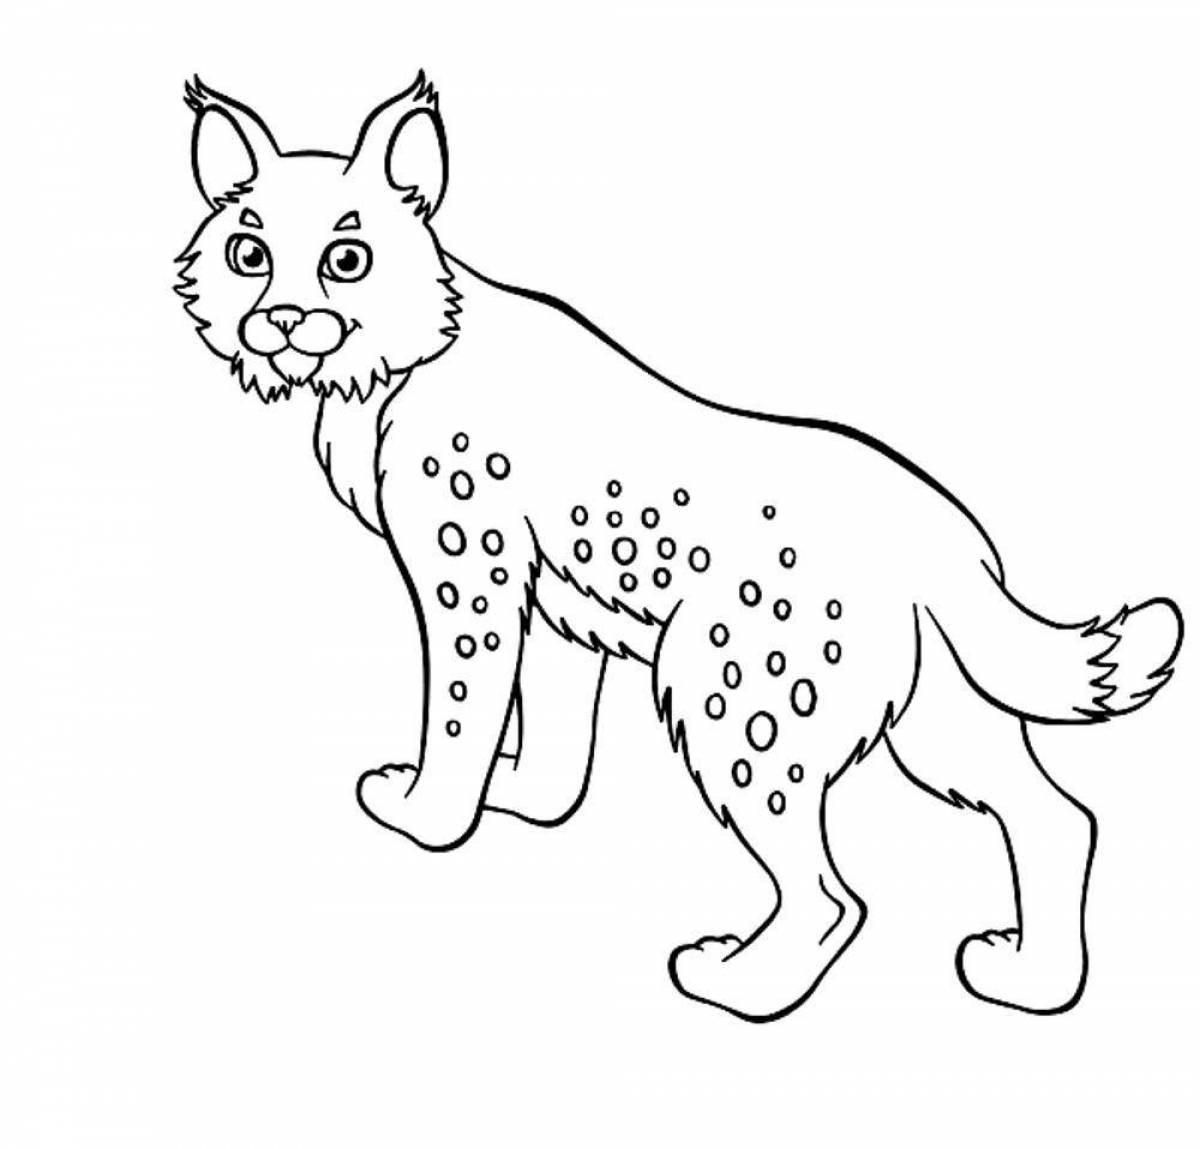 Fun lynx coloring for kids
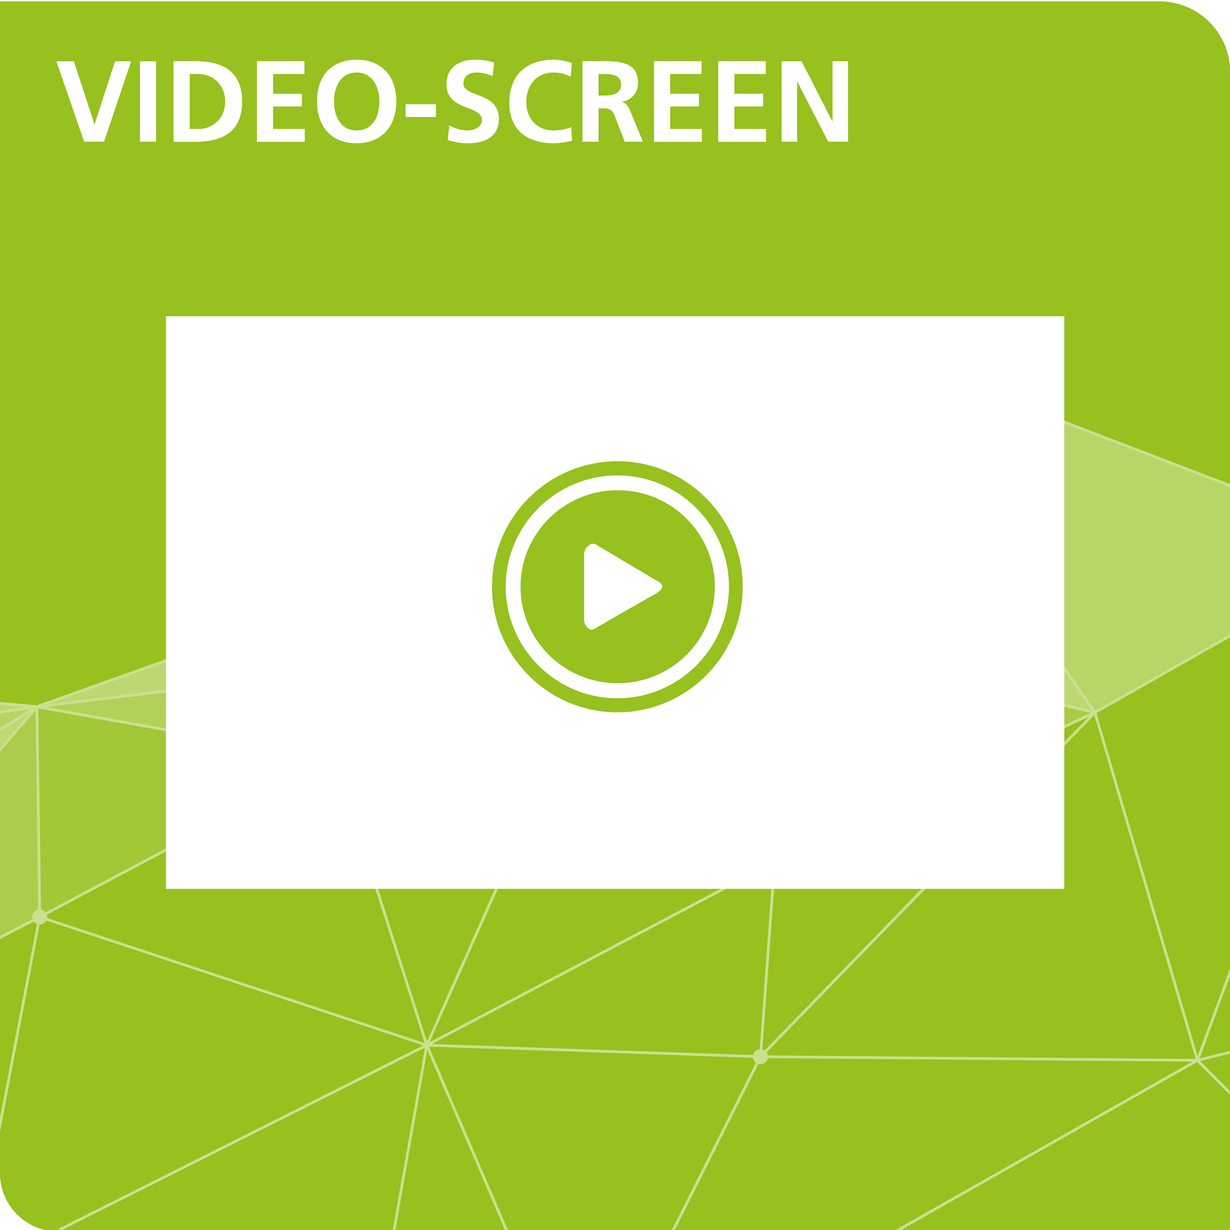 Video-Screen
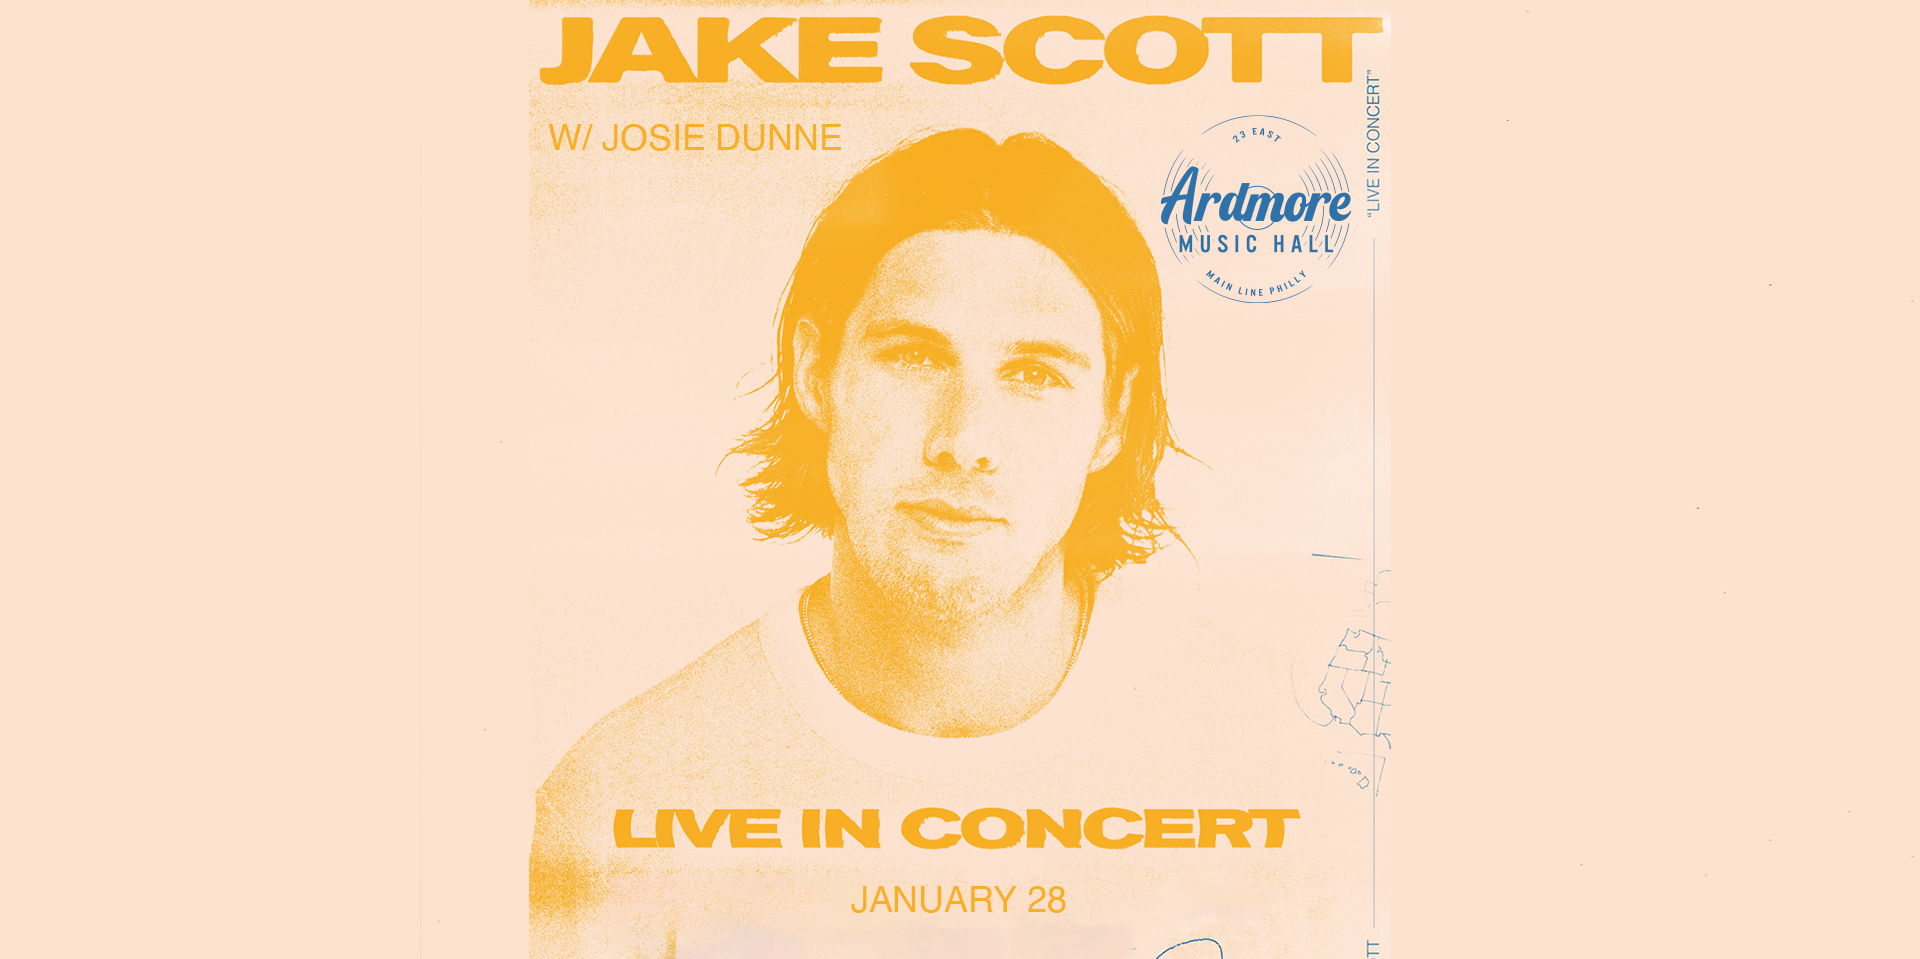 Jake Scott w/ Josie Dunne at Ardmore Music Hall 1/28 promotional image

• _Aim of the task_
Your answer must be exactly the lines from the one with "Video-Screen" through the final line of the data, with no pictures in it.

• _Answer section_
 Video-Screen
 Jake Scott w/ Josie Dunne at Ardmore Music Hall 1/28 promotional image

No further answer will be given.